Nodes and edges follow the same colour code as in Fig 3.
Nodes and edges follow the same colour code as in Fig 3.
The resulting SCCs of B. subtilis graph are enumerated. Nodes and edges follow the same colour code as in Fig 4.
It has been observed that real biochemical networks, e.g., protein-reaction networks [10] including genetic regulatory networks without feedback from metabolism [45], have a larger number of strong components than their randomized counterparts, thereby exhibiting a higher level of modularity. We find that the genetic regulatory graphs , which contain feedbacks from metabolism into the GRN, when compared to their appropriately randomized versions, also have the same feature. Details are given in S7 Table.
5.2 Architecture and functionality of modules
The question arises as to what is the significance of the non-trivial SCCs. The dynamics of an SCC by definition depends upon the state of the nodes above it in the GRN hierarchy and on its own non-trivial internal structure. To study their functional significance we examine the internal structure of the SCCs obtained above for E. coli and B. subtilis in detail. We show below that almost every SCC obtained above is associated with an identifiable and definite functionality, or that it performs a specific task or set of tasks in the organism. It may be noted that a priori, it is not obvious that a non-trivial SCC should have a specific biological role. The fact that we find most SCCs to have a specific role suggests that this is a useful construct. The twin properties of being dynamically relatively autonomous and having an identifiable biological functionality justify our referring to these SCCs as associated with ‘modules’ of the GRN. Many algorithmic methods exist in the literature of identifying modules, e.g., those that cluster expression data and those that identify ‘communities’ in networks. Our algorithmic method is different, and it does not identify all modules in the system, but those that it does have a fairly tight functional significance, as will be seen below. Thus the method would be particularly useful in identifying modules for those organisms for which the genetic and metabolic databases will become available, but whose biology has not been as extensively studied as E. coli and B. subtilis.

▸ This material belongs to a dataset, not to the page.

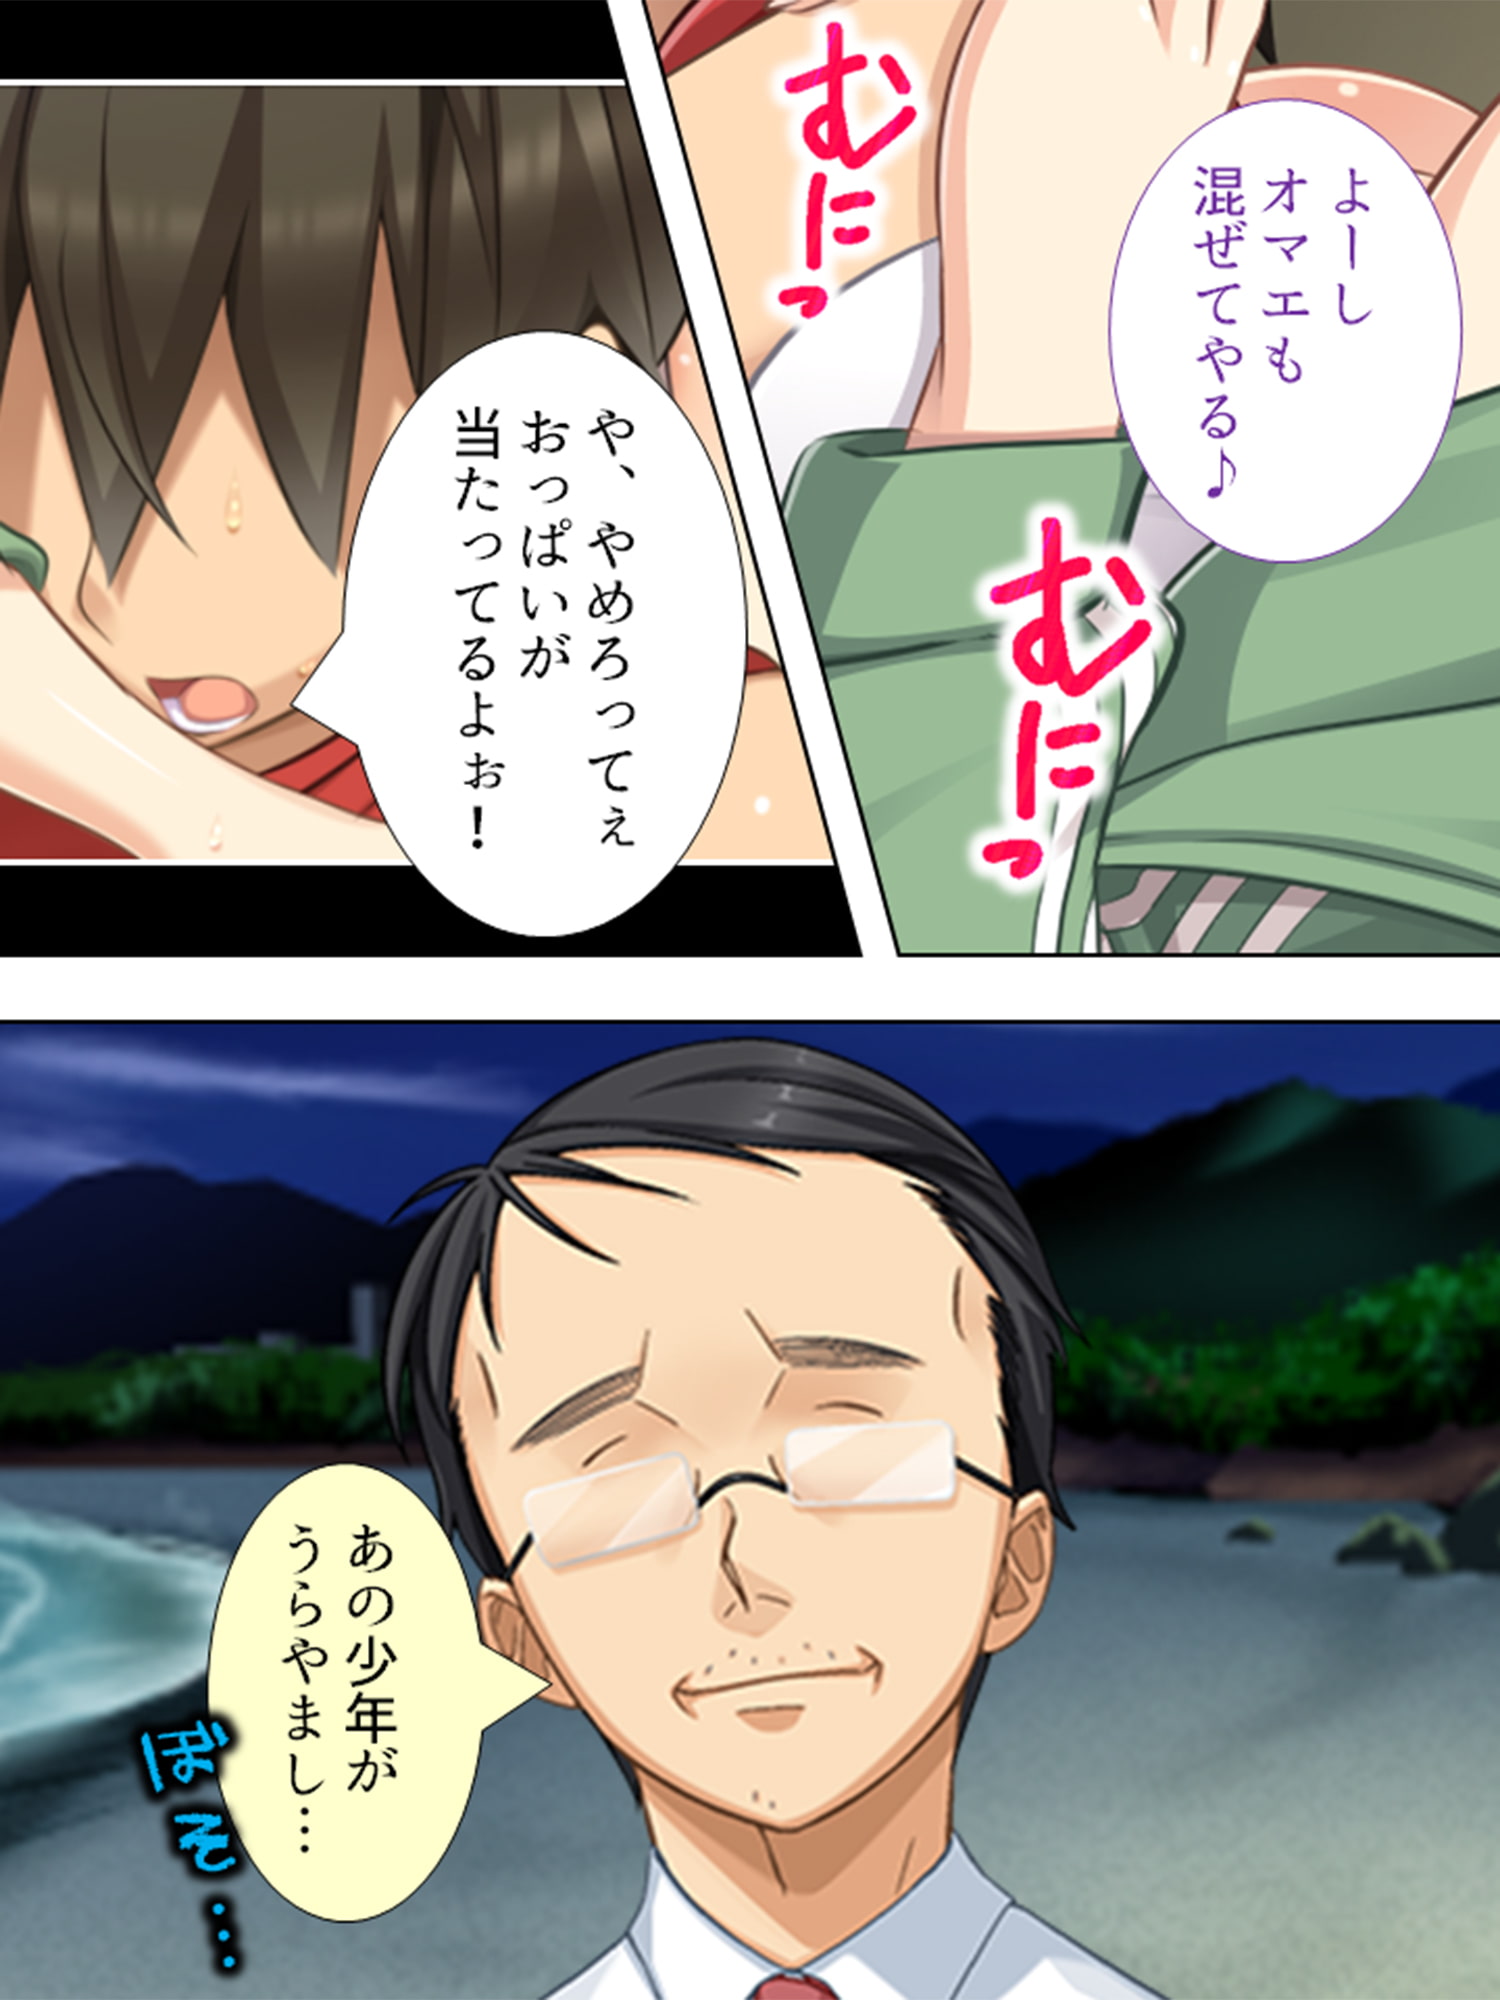 I'm Tired of Life so I Went Around Violating Girls at a Hot Spring - Part 1

The SCCs of Figs 6 and 7 have been displayed along with their properties in S5 and S6 Tables. We have focused on SCCs that have at least one metabolite. The total number of such SCCs is 23 in E. coli and 11 in B. subtilis. For E. coli the largest SCC, SCC 28 in Fig 5, is complicated, has multiple functional tasks, and is discussed separately in a later subsection.
It is convenient to organize the functional study of the metabolite containing SCCs, hereafter referred to interchangeably as modules, in ascending order of size (number of nodes), as the functionality of larger modules can often be understood in terms of smaller structures.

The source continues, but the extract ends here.